Introduction
Every nation aspires to engage its population in activities that promote development and increased income generation. Education serves as a fundamental driver of growth and development, providing individuals with the necessary tools for social and economic advancement. Hence, governments emphasize science education to raise awareness and propel the country toward technological progress (1). In Nigeria, unemployment affects both the educated and uneducated, underscoring the importance of entrepreneurial development for economies seeking advancement. With the rise in global technological advancements and the increasing unemployment rate in Nigeria, students face added pressure to acquire skills and be productive. Science education, including subfields such as chemistry education and physics education, plays a vital role in teaching and learning science among school children, college students, and the general public (2). Therefore, it is crucial to train students who can apply their knowledge to generate chemical technology, create jobs, and contribute to wealth creation, regardless of gender.

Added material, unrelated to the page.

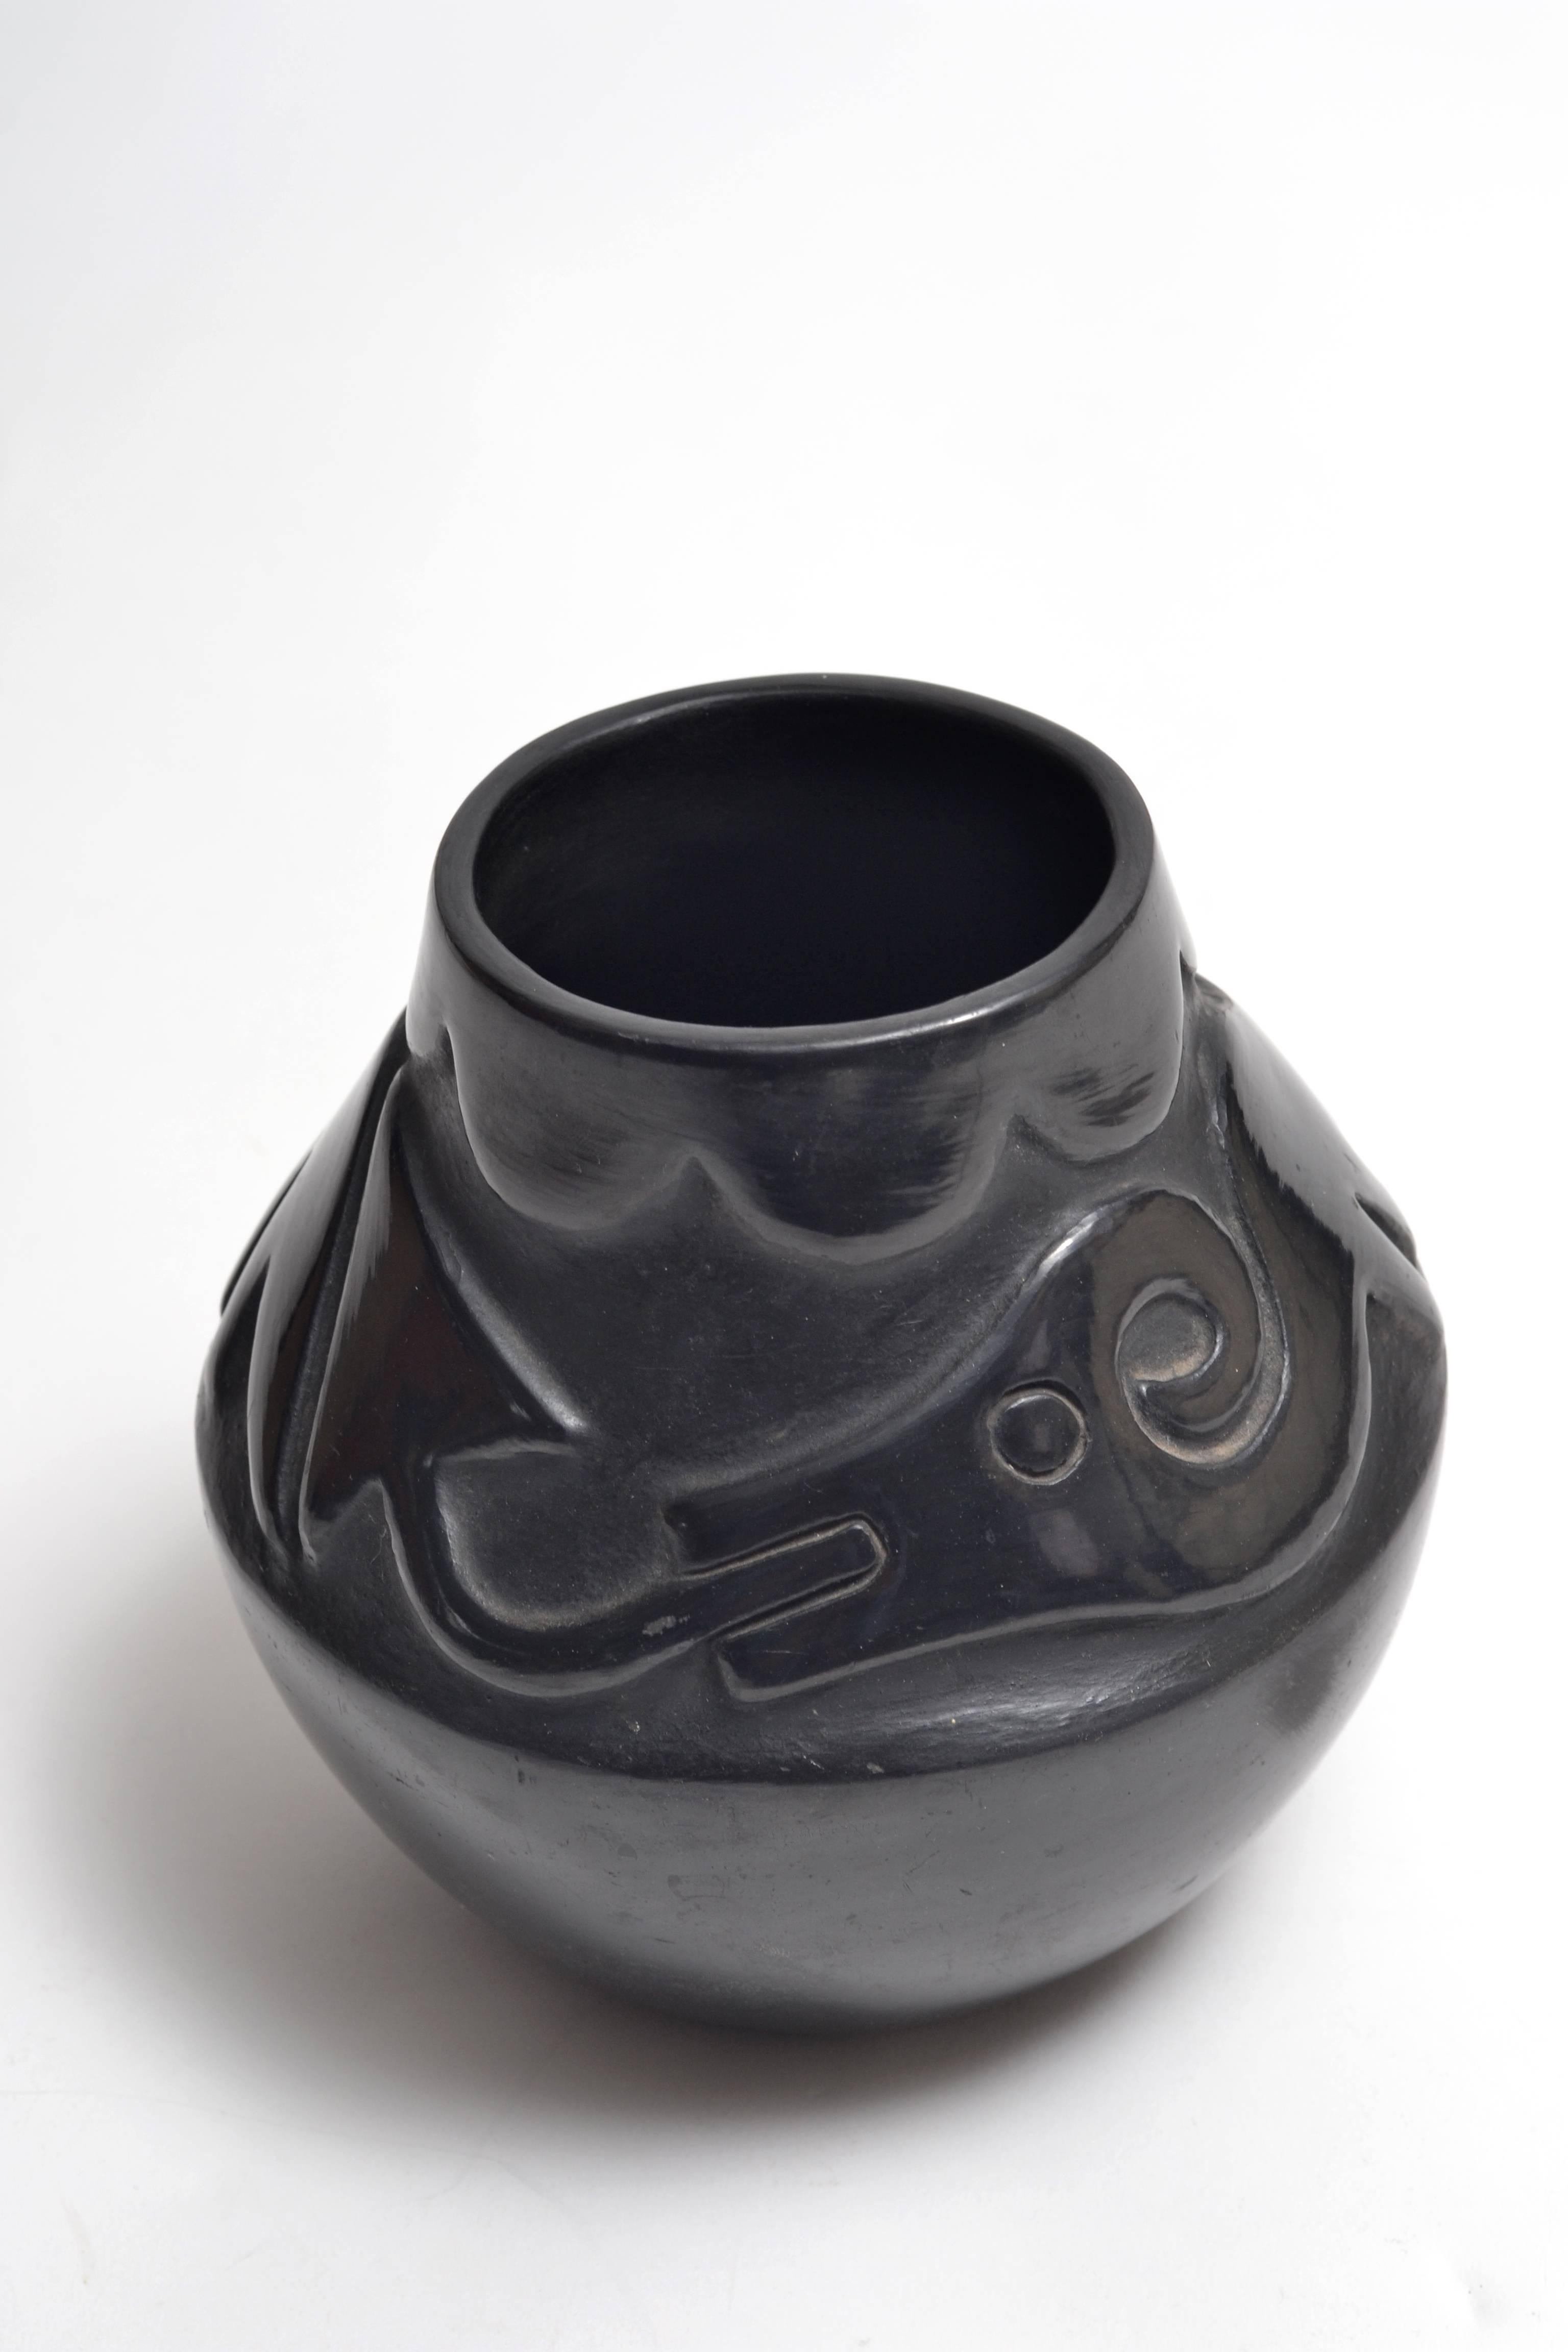 Native American Potter Rose Cata Gonzales (1900-1989) incised, black on black ceramic pot. Rose was credited as an innovator of deep carved pottery around 1930 at San Ildefonso Pueblo, NM. This work features a deeply carved

Chemistry education focuses on teaching and learning chemistry, an integral component of STEM education and discipline-based education research (3). Chemistry is essential as it integrates physical, biological, and applied sciences, enabling students to learn the scientific method and develop critical thinking, deductive reasoning, problem-solving, and communication skills. Chemistry also plays a pivotal role in research, with technological applications influencing fields such as biotechnology, material science, and environmental studies (4). As the branch of science concerned with identifying substances, investigating their properties and interactions, and utilizing these processes to create new substances, chemistry provides a foundation for various practical science disciplines such as medicine, agriculture, nursing, and pharmacy. Any country aspiring for technological advancement must prioritize science education, particularly in the teaching and learning of chemistry.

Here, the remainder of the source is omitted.